From my journal entry December 1, 2011:
I woke up at about 6:30am with a list of things to do because I knew it was going to be a busy day. I was in the outdoor kitchen cleaning my bike chain from sand like I had been meaning to do for 3 days. The next door neighbor came by and asked for some of our concrete so they could plaster their outdoor kitchen, and I had to say “no” so I felt bad, as I don’t quite have saying no mastered yet. Then two young sons of another neighbor came by for what seemed like an eternity just to say hello and play but all I wanted to do was get all of my chores done and get ready for the school writing/letter exchange program before heading to the clinic to assist with the pre-natal clinic. I knew this was the last opportunity for Scott and I to help the students write the letters in English because they were leaving the next day for a 5-week Christmas holiday.
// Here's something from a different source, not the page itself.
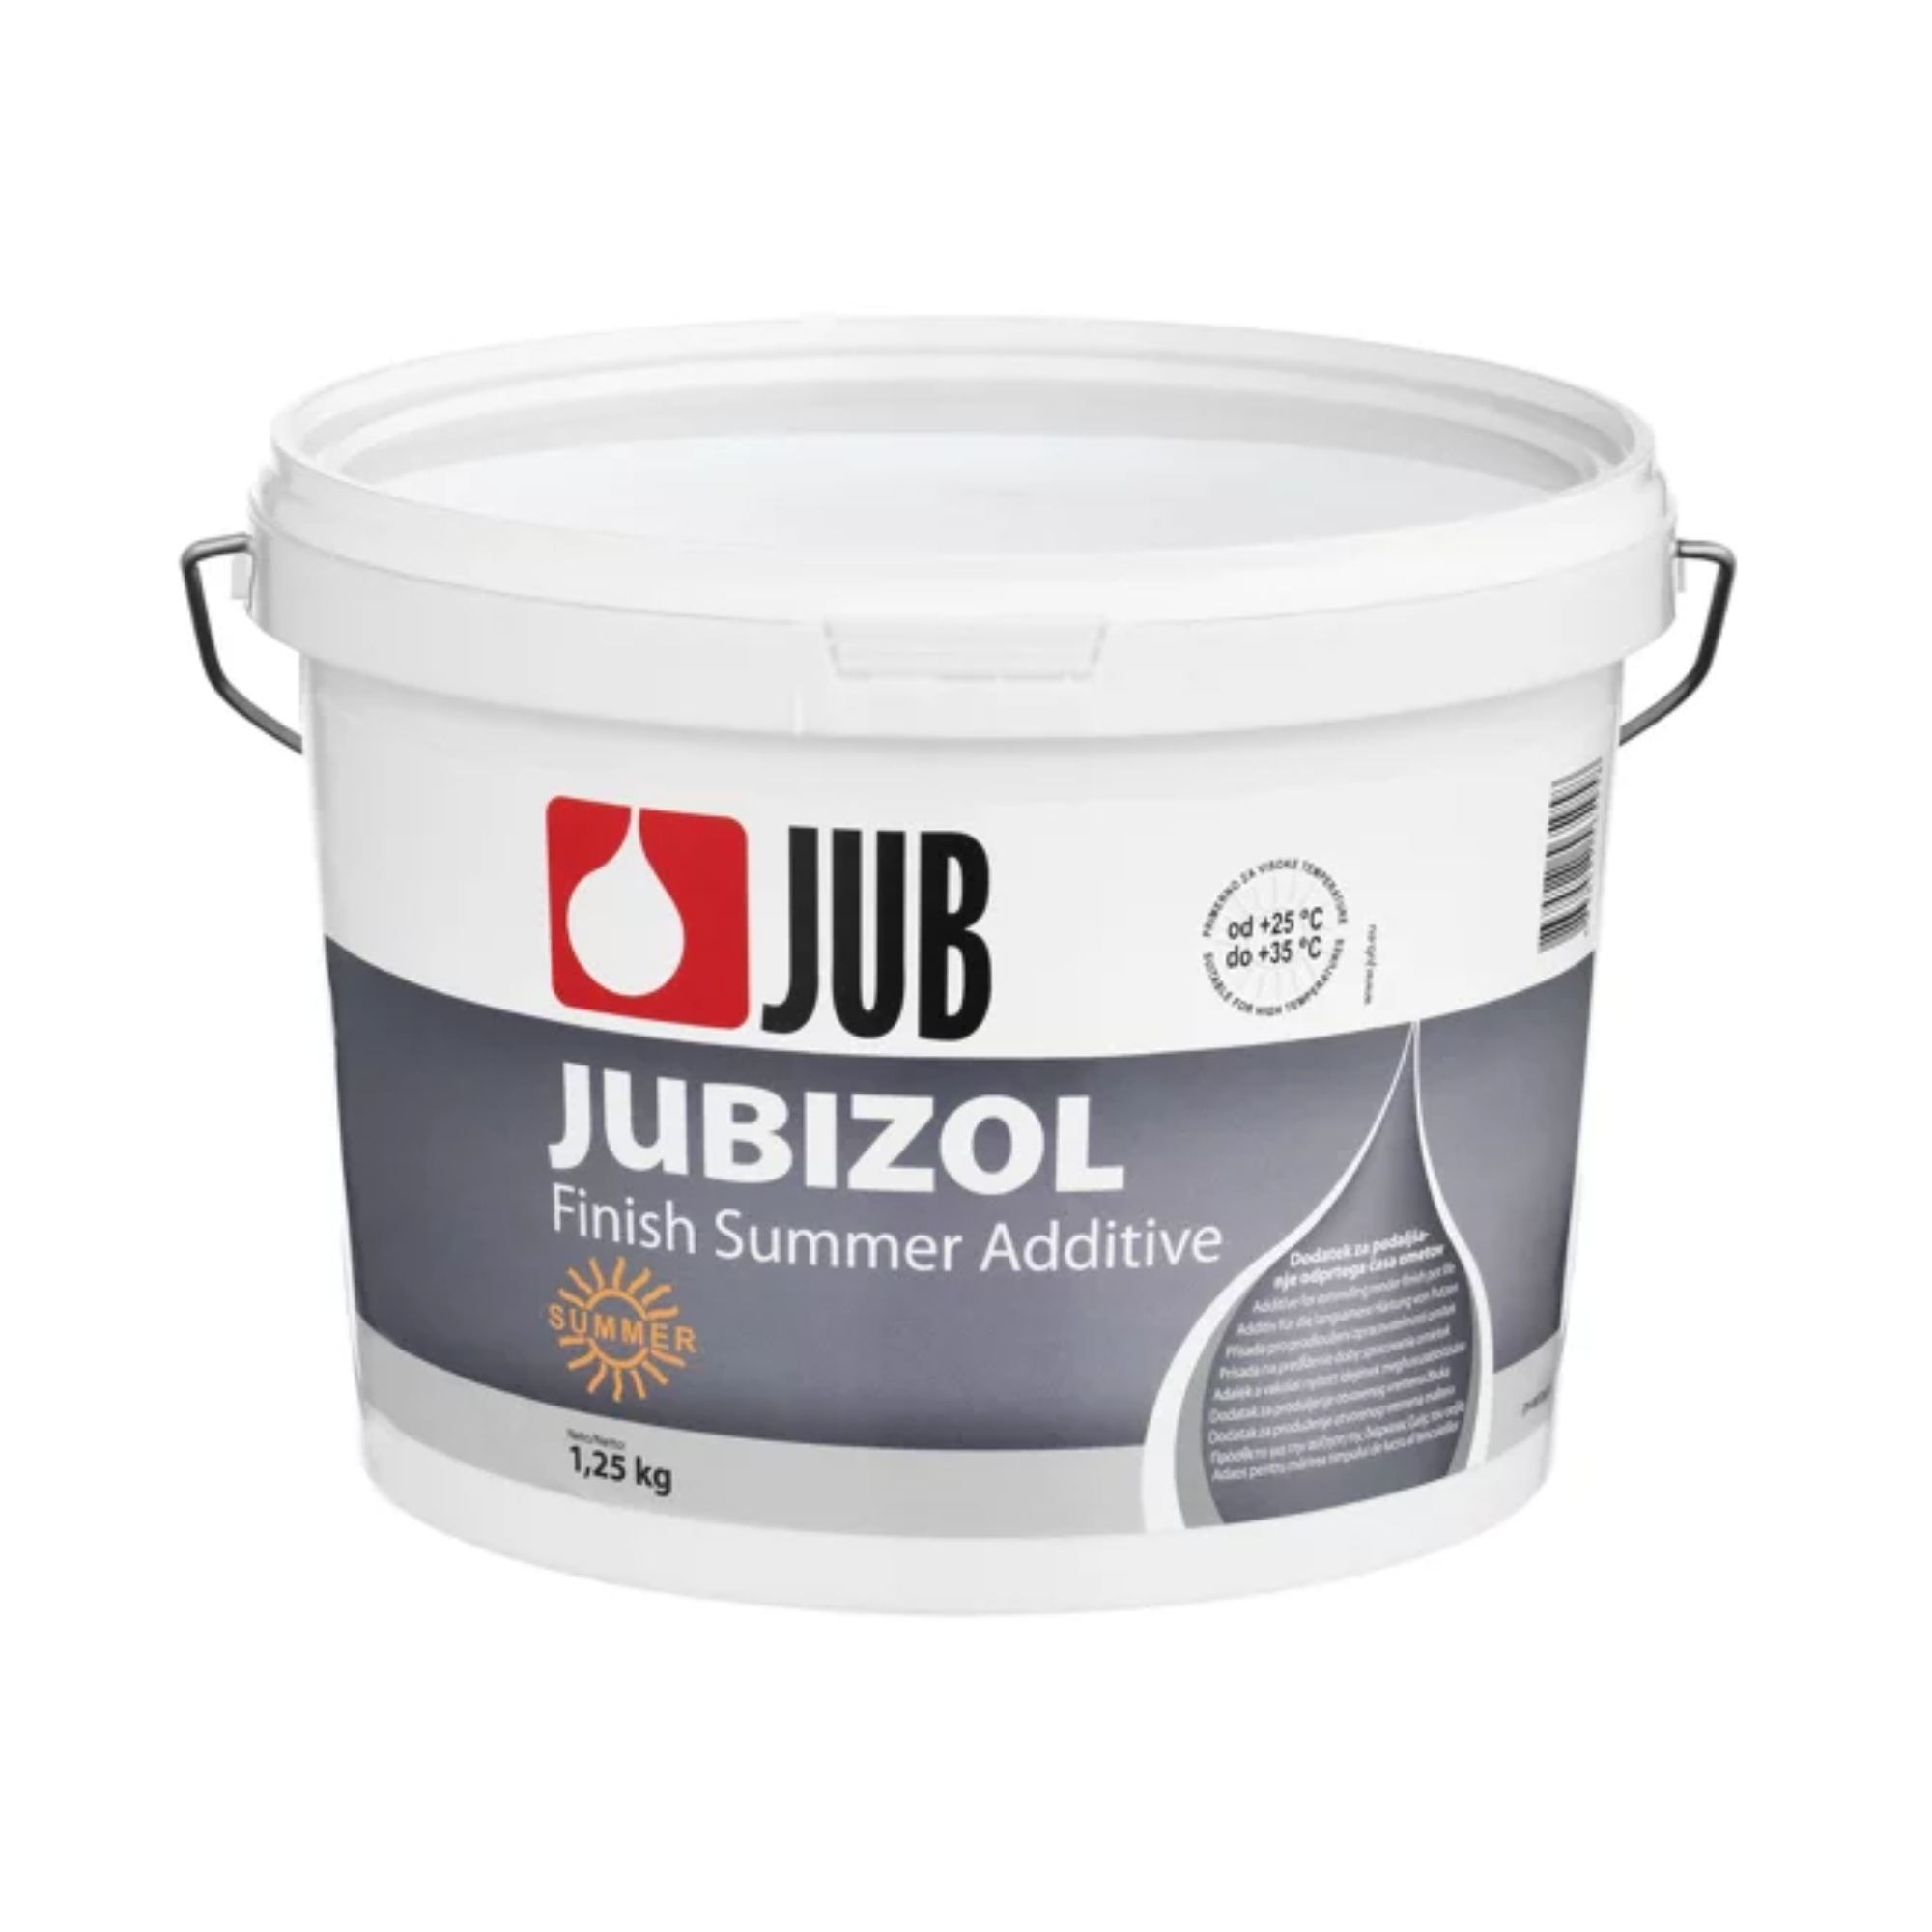 JUB JUBIZOL Finish Summer Additive letní přísada pro prodloužení doby tvrdnutí omítek 1,25 kg

At 7am, my host mother came by the outdoor kitchen and mentioned something in Lunda about a pregnant village woman needing my help. She pointed to the hut across the dirt road. As I’m still learning Lunda, I didn’t really get the gist of it, and said, “fast, fast so we can prepare for our school program.” In my head, I was thinking to myself: “they know I’m not a doctor. I wish I could skip all these visitors and just get my morning chores done.” She seemed in a hurry, and I didn’t even get a chance to tell Scott that I had started cracking eggs for breakfast inside the hut.
She led me across the road. I was very surprised as she led me into a side door of one of the small mud brick homes. This was my first time inside the home of someone I did not know, so I figured there was definitely something wrong. We crossed a small living room with the only furnishings being a few stools, and into the bedroom, which had two beds made out of bricks and covered with reed mats.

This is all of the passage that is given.